Art and Culture
Understanding Victimhood Culture: An Interview with Bradley Campbell and Jason Manning
Conservatives and others who find themselves opposed to campus activists might uphold the values of the dignity culture the activists reject

Bradley Campbell, Associate Professor of Sociology at California State University, and Jason Manning, Associate Professor of Sociology at West Virginia University, have been described as “prophets of the academic world” by psychologist Jonathan Haidt, and their new collaborative work The Rise of Victimhood Culture: Microaggressions, Safe Spaces, and the New Culture Wars, “a book of revelations,” by the sociologist Donald Black. The two sociologists have aimed to supply us with an empirical sociological analysis of the recent moral conflicts that have erupted on U.S. college campuses—and the extent to which these conflicts are spreading outwards into mainstream society.
After reading the book, I reached out to the American sociologists to interview them about some of the key themes of their book, and also to gain insight into some recent cultural trends that were not covered. What follows is a transcript of our interview conducted via email.
I. Three Moral Cultures
Claire Lehmann: Just briefly for our readers who have not read your book, can you explain the main differences between the dignity, honor and victimhood cultures which you outline in your thesis?
Bradley Campbell and Jason Manning: The three moral cultures are different clusters of traits having to do with what people find offensive and how they handle their grievances.
In dignity cultures, there is a low sensitivity to slight. People are more tolerant of insult and disagreement. Children might be taught some variant of “Sticks and stones can break my bones, but words can never hurt me.” It’s good to have “thick skin,” and people might be criticized for being too touchy and overreacting to slights. If the issue in the conflict is something more than a slight or insult — say, a violent assault — you’re to handle the matter through appeal to authorities such as the legal system. Taking the law into your own hands with violent vengeance is itself a serious crime and generally looked down upon.
In honor cultures, there’s a much greater sensitivity to slight. Insults demand a serious response, and even accidental slights might provoke severe conflict. Having a low tolerance for offense is more likely to be seen as a virtue than a vice. Letting yourself be slighted without seeking justice is shameful. And seeking justice is more likely to take the form of violent vengeance. Appealing to authorities is more stigmatized than taking matters into your own hands.
These two kinds of cultures emphasize different sources of moral status or worth. Honor is one’s status in the eyes of other people. It depends on reputation. And while a lot of things might go into making this reputation, the core of classical honor is physical bravery. Tolerating slights is shameful because you let someone put you down without defending your reputation by force. It suggests cowardice. Appealing to the authorities is shameful for the same reason. Virtue means being bold and forceful, aggressively defending your reputation against any challenges, and being vigilant for signs that someone else is probing you for weakness.
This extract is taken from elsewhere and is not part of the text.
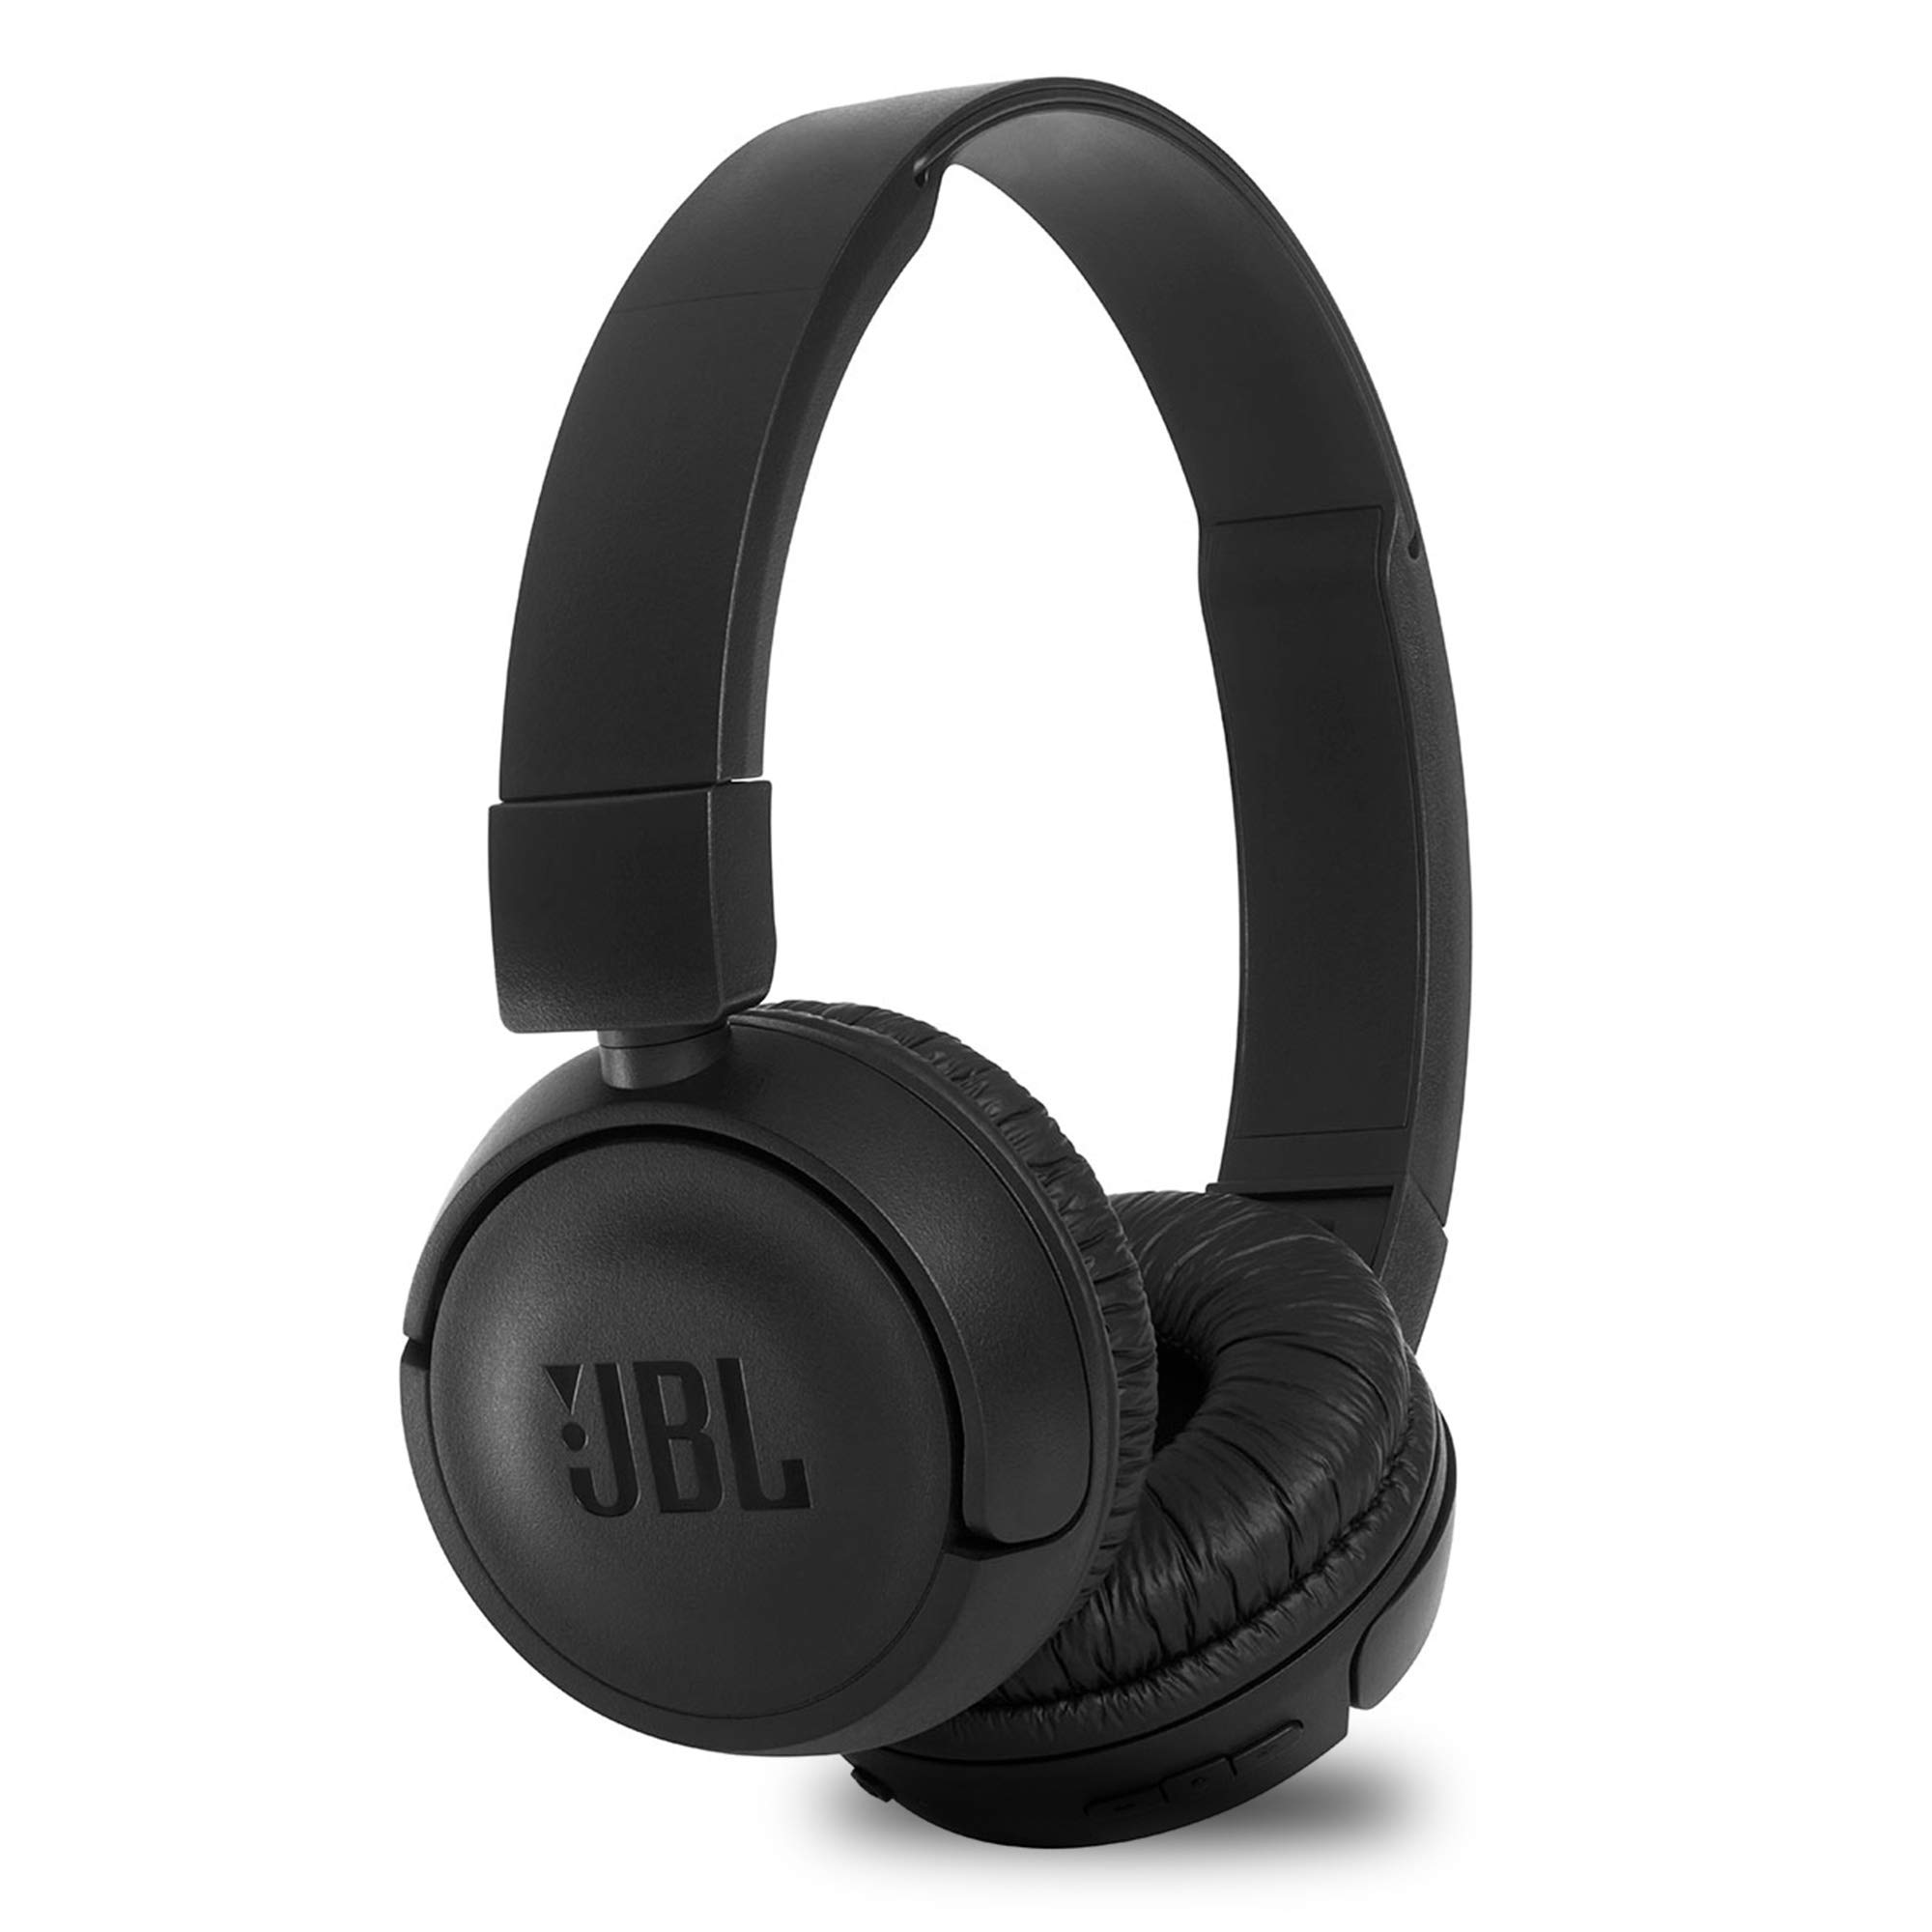 JBL Bezprzewodowe słuchawki nauszne T460BT Extra Bass z 11-godzinnym czasem odtwarzania i mikrofonem – czarne

Dignity is a kind of inherent and inalienable moral worth. It doesn’t depend on your standing in the eyes of other people. A dignity culture emphasizes that all people have this sort of worth, which can’t be taken away. It’s why an insult can’t devalue you. If anything, overreacting to an offense is unseemly because it suggests you’re not confident in your worth and need to take other people’s opinions so seriously. Virtue isn’t being bold, touchy, and aggressive, but restrained, prudent, and quietly self-assured.
What we call victimhood culture combines some aspects of honor and dignity. People in a victimhood culture are like the honorable in having a high sensitivity to slight. They’re quite touchy, and always vigilant for offenses. Insults are serious business, and even unintentional slights might provoke a severe conflict. But, as in a dignity culture, people generally eschew violent vengeance in favor of relying on some authority figure or other third party. They complain to the law, to the human resources department at their corporation, to the administration at their university, or — possibly as a strategy of getting attention from one of the former — to the public at large.